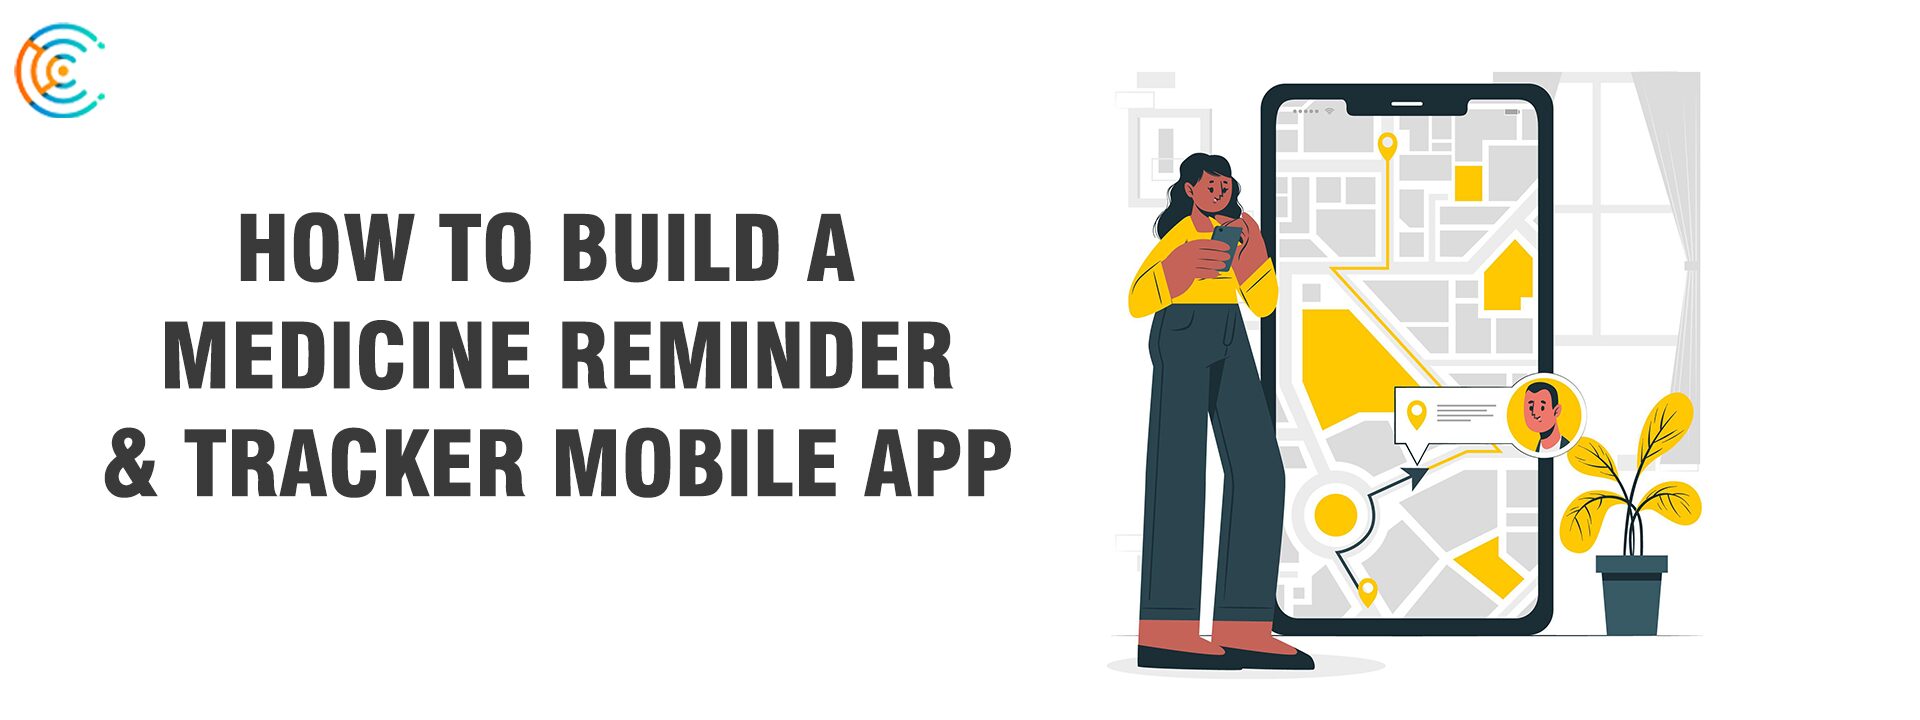 Build A Medicine Reminder & Tracker Mobile App
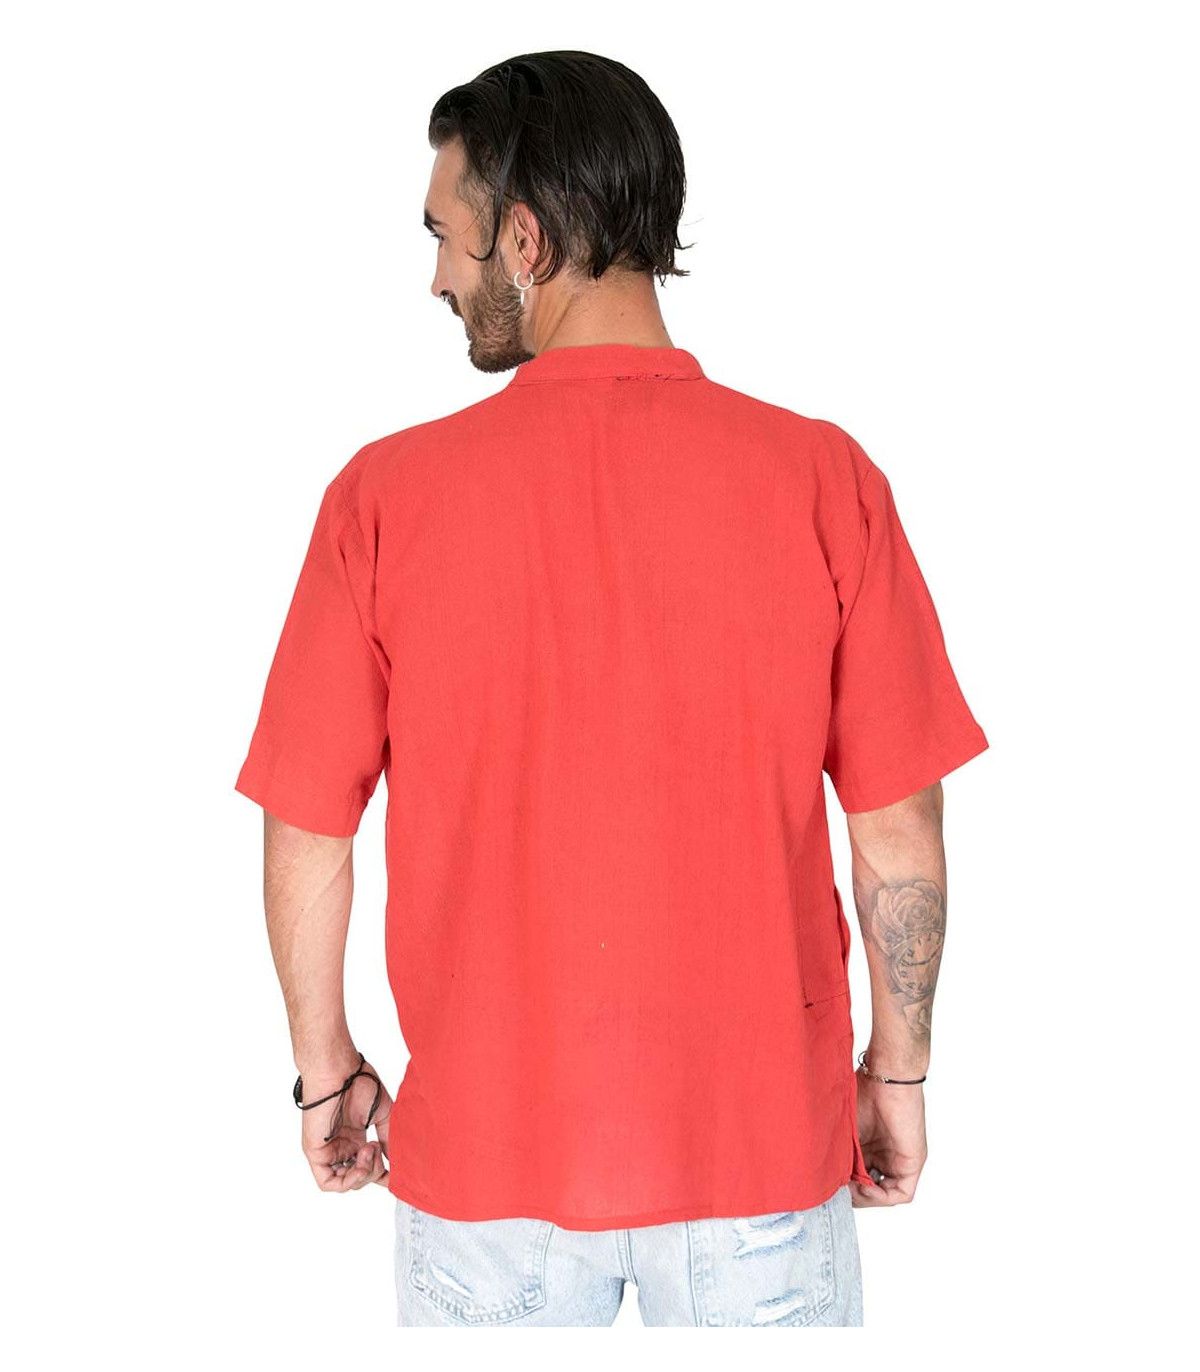 Mao collar shirt - Hippie Fashion Man
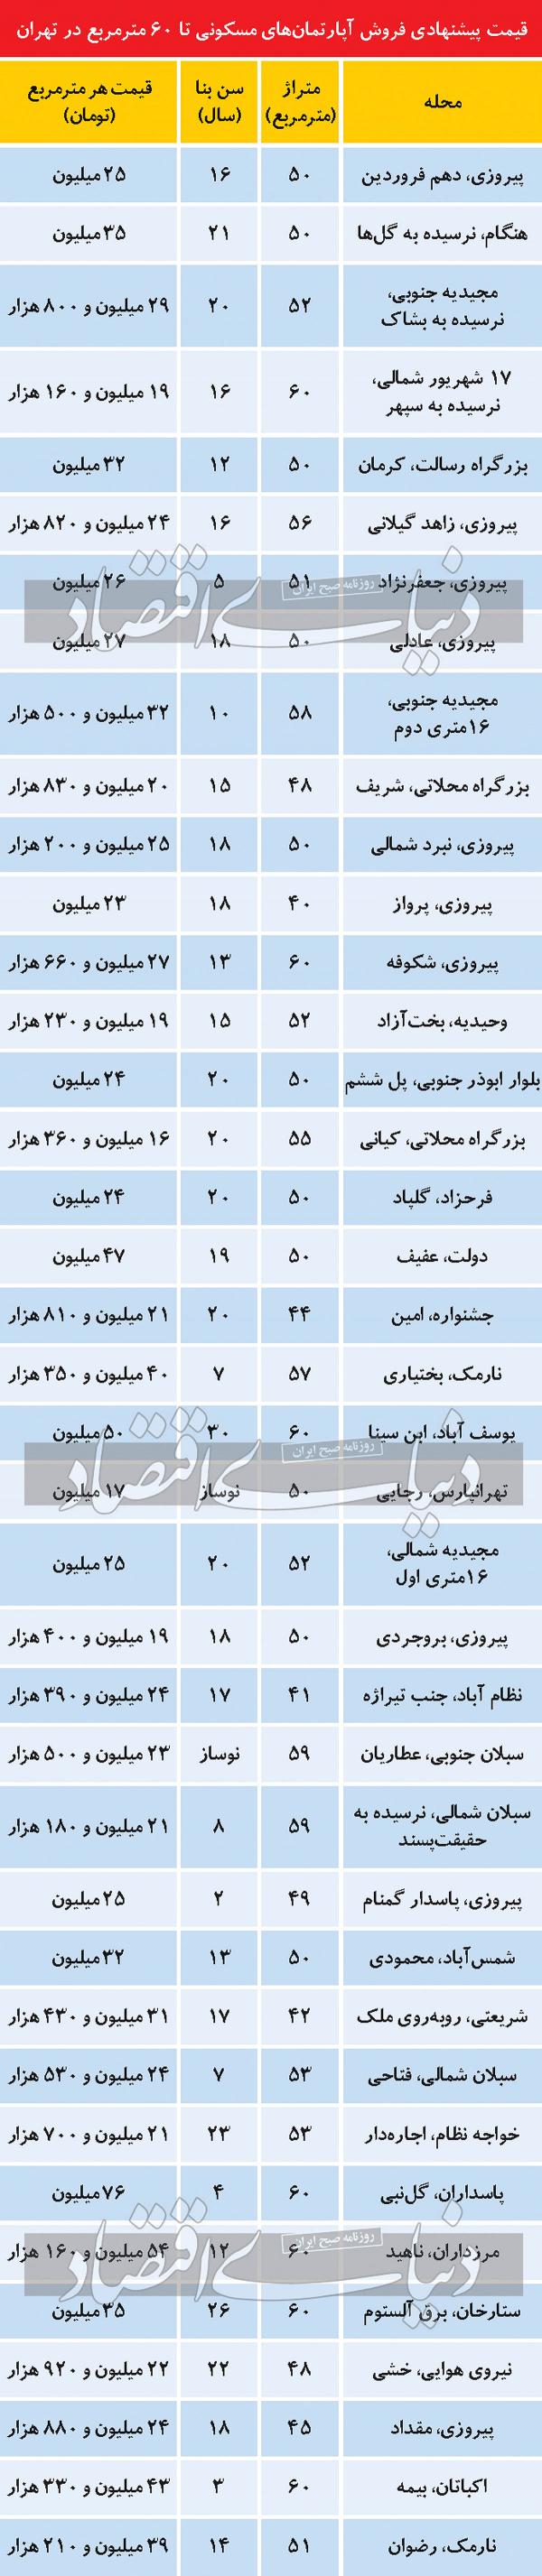 قیمت آپارتمان تهران,| قیمت آپارتمانی نقلی تا 60 مترمربع در تهران

========================================

From the line that contains "Mao collar shirt - Hippie Fashion Man" down to the last line of the material above, every line must be repeated exactly, with pictures removed and both end lines included.

 Mao collar shirt - Hippie Fashion Man
 قیمت آپارتمان تهران,| قیمت آپارتمانی نقلی تا 60 مترمربع در تهران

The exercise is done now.